By BoLOBOOLNE payday loans

A Tough Engineering Decision

Here’s the scene: It’s 1:30 PM.  In 30 minutes the CEO of your company starts a conference call with analysts to announce quarterly earnings.  PR told you he is going to tell the Wall Street analysts how cool your team’s website is.  It is quite a success — in 18 months it has rocketed from non-existence to the world’s fourth most popular site in a very competitive industry.  Sounds great to get some recognition, right?  Only problem is, today your site’s kinda broken.

The night before a database upgrade got confused half-way through with no possibility to roll back.  One of the two production databases got upgraded to the new schema and the other didn’t.  As you’d spent most of the day diagnosing, the new schema didn’t quite work with your app — some fraction of pages generated from this database came out wrong.  Busted.  Missing.  Scrambled.  Paper white.  Ugh.

After hours of group futzing between you and a couple dozen other folks, you’ve managed to get the problem mitigated.  Your app now appears to be reliably generating correct non-borked pages.  But the site that the world sees is still messed up, because of your content distribution network (CDN) partner.  The CDN caches copies of your site across the world, moving it closer to customers for faster display and reducing the load on your own app servers.  But over the course of the day, the CDN has cached copies of many broken pages.  You can of course clear the individual cache for any broken page you find, causing the CDN to fetch a clean accurate copy from your app servers.  But the site has millions of pages — how are you ever going to find all the pages that need flushing?  With 30 minutes until press time it’s not impossible. 

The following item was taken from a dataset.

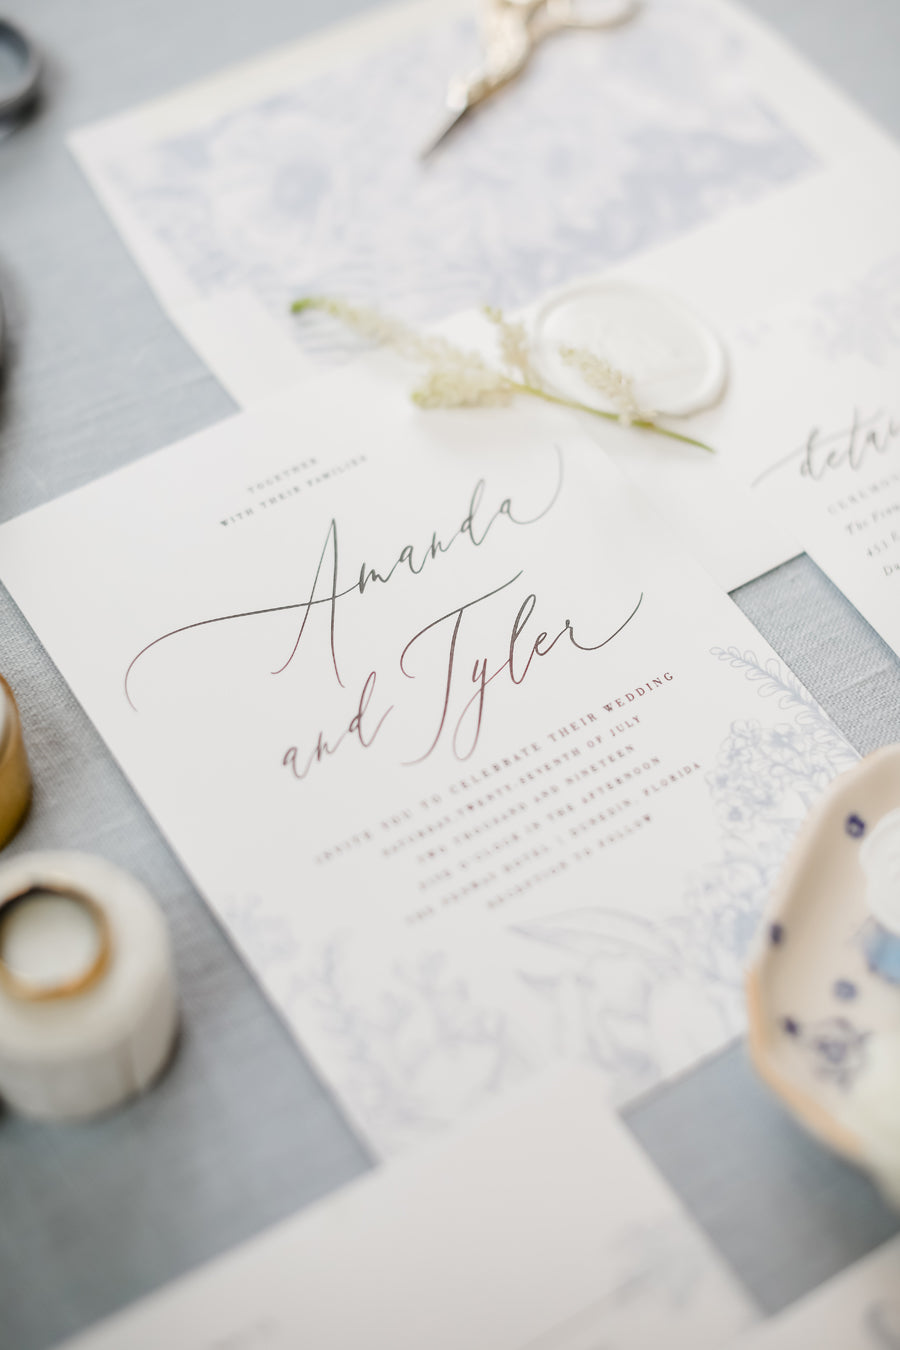 Blue wedding inspiration Citrus Press Co. Invitation Card Stationery

The only reliable way to clear all the broken pages out of the cache is to wipe clean the whole CDN cache.  Push the big reset button.  This is a fairly big deal because it means millions of cached pages will have to be wiped from the CDN and fetched from the app servers again.  Is there time before the peering eyes of Wall Street come looking?  Clearing the caches takes about 15 minutes.  Filling them back up again — who knows.  The popular stuff will fill in fast, but the long tail will probably take a while.

To make it worse, clearing those caches will mean a big increase in traffic to the app servers.  You’ve hit the button before during code releases.  But always very late at night when traffic is light.  Early afternoon is about as high as traffic gets.  These systems are not the most stable in the world right now — you’re not sure if they’ll survive a cache clear in the middle of the afternoon.  Any web site will slow down with lots of traffic.  But too much traffic and these systems crash.  Break.  Stop working at all.  And often won’t get back up without a lot of help.  Sometimes such crashes will ripple back through dependent systems and it takes hours to figure out what’s happened.  Maybe even take the whole company off-line for a while, and that’s always fun to explain to the execs afterwards.

This is the risk of hitting the big button and clearing the caches.  Best case is the site runs slowly for a while as the caches repopulate.  Worst case, the whole system goes completely south while the analysts are checking it out.  Alternately you could just leave the site in its somewhat-broken but mostly working state for the analysts to look at.

So, what do you do?

A friend from college pointed out to me that engineers get paid for their judgment.  Doing rote calculations doesn’t demand a high salary.  Using your experience and opinion to weigh alternatives does.  Considering the relative merits of trade-offs, especially when the stakes are high — that’s where you really need somebody who is wise and experienced.

I have to digress for a moment to consider what’s really going on here when I say "the stakes are high."  In this industry, a big stupid mistake where you muck with live running machinery that you shouldn’t be means thousands of people don’t get their web page for a while.  Compare this to a friend who makes cheese for a living, and mucked around with live running machinery and got badly hurt.  A mistake on the production web servers potentially could have destroyed millions of dollars of abstract shareholder value.  But nobody was going to get their arm ripped off.  (Warning — these pictures are really gross.)  Anyway…

So what did I do when faced with this dilemma recently?  Me?  I went for it — I hit the button.  And everything was fine.  For a while the site was really slow while the caches refreshed.  Many CPUs were pegged from our app tier back through the databases that the whole company relies on.  But nothing broke.  And when pages finally loaded they looked good.  After about an hour, everything was back to normal.  Most everybody never noticed a thing. 

Just another exciting, adventurous, yet entirely unglamorous day in the life of a software engineer.

  1. leodirac says:

    Yep. Based on just what's shared here I probably would have held off. But my experience with the whole system gave me enough confidence that it would work out that I thought it worth the risk. I knew the CDN's cache efficiency hadn't been super high, and I had faith in the robustness of the database I knew we'd be pummeling hardest, especially since we'd tuned the connection and thread pools to that one to keep the system from swamping itself under heavy load. Like I say it's a judgment call.

  2. Ramez Naam says:

    Great story. I think I would have not pressed the button, on the grounds of choosing the devil I knew over the one I didn't (the potential takedown of the whole site).

    Glad it worked out!

  1. There are no trackbacks for this post yet.